**MATERIAL PROVIDED**
-- -- --
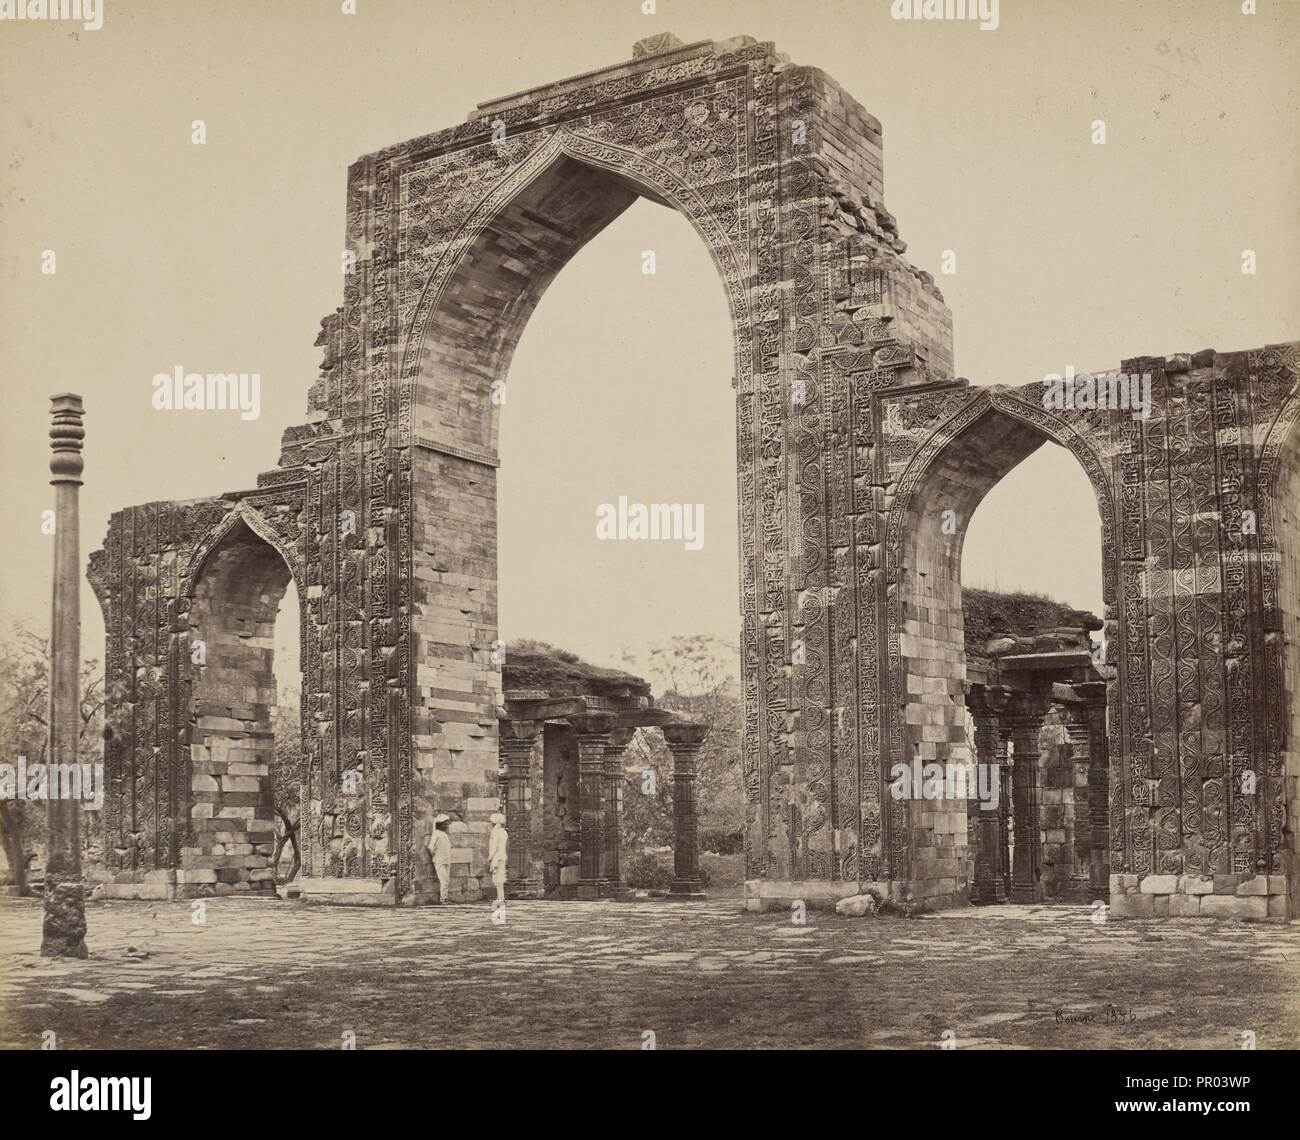 La Grande Arche et bornes, Kútub ; Samuel Bourne, anglais, 1834 - 1912, Delhi, Inde ; vers 1866 ; à l'albumine argentique Banque D'Images
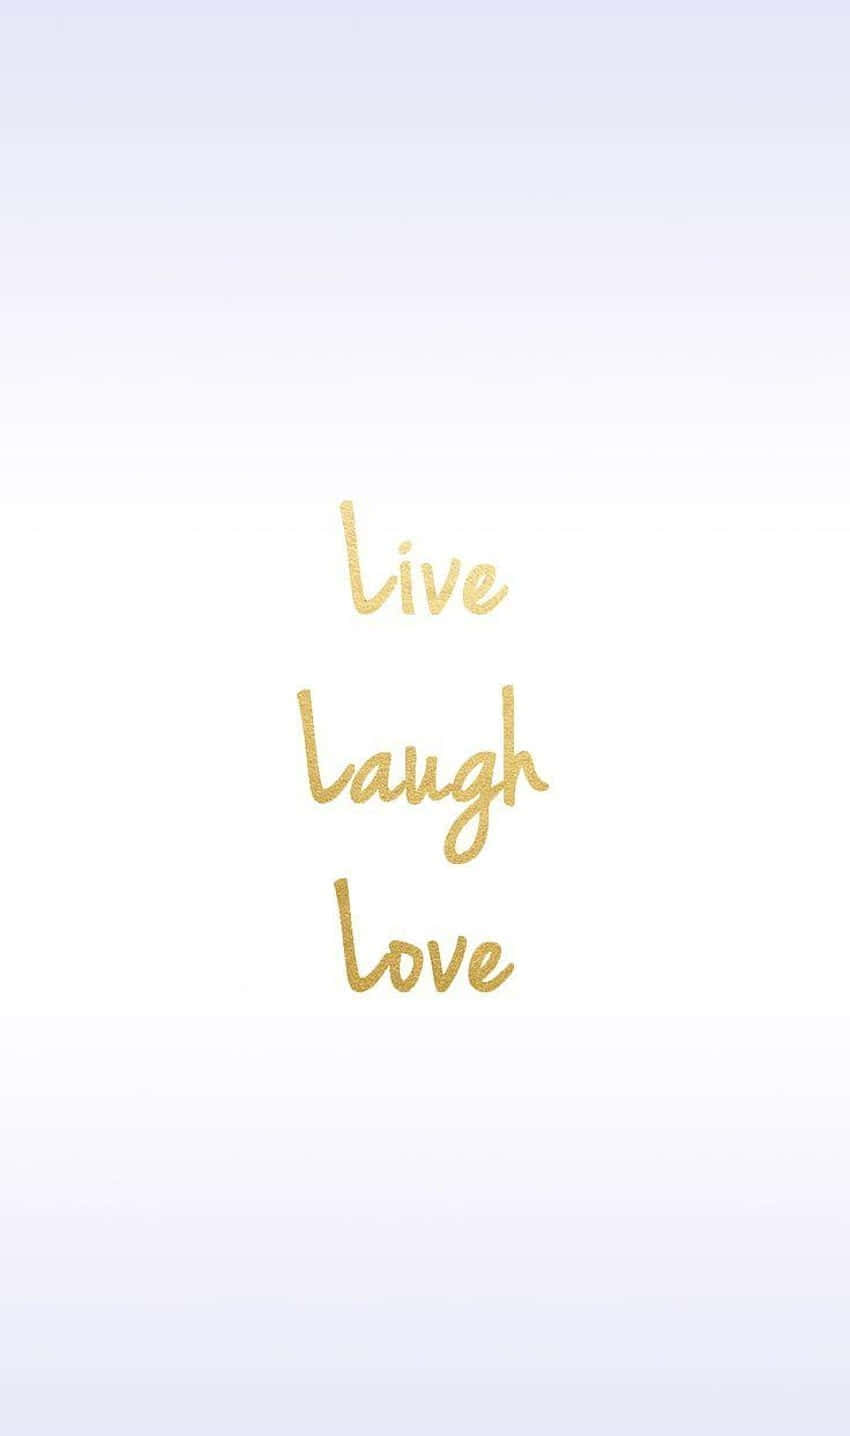 Live Laugh Love Gold Foil Wallpaper
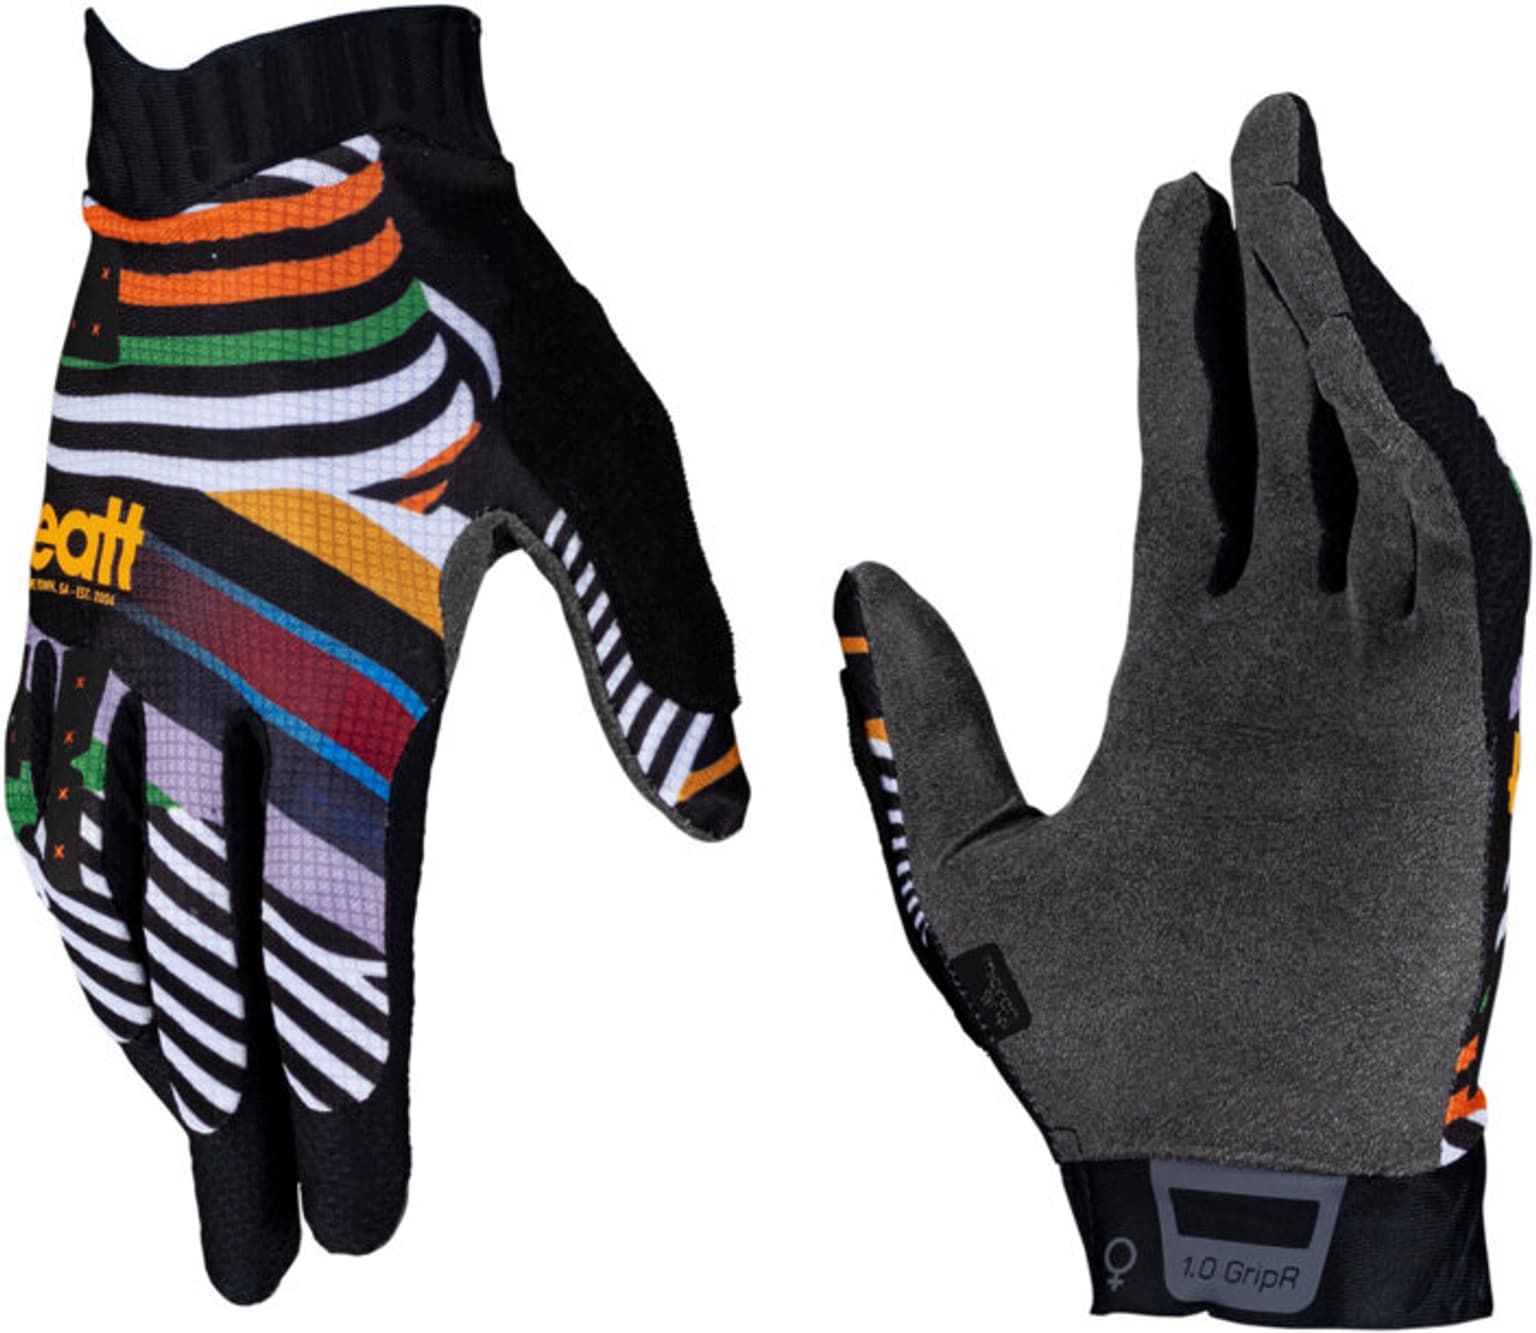 Leatt Leatt MTB Glove 1.0 Women Gripr Guanti da bici policromo 2
-- -- --
**THE TASK**
Lines from the one holding "Live Laugh Love Gold Foil Wallpaper" to the end of the data, both ends included, are to be given again exactly; no pictures belong in the copy.

**SOLVED EXERCISE**
 Live Laugh Love Gold Foil Wallpaper
 Leatt Leatt MTB Glove 1.0 Women Gripr Guanti da bici policromo 2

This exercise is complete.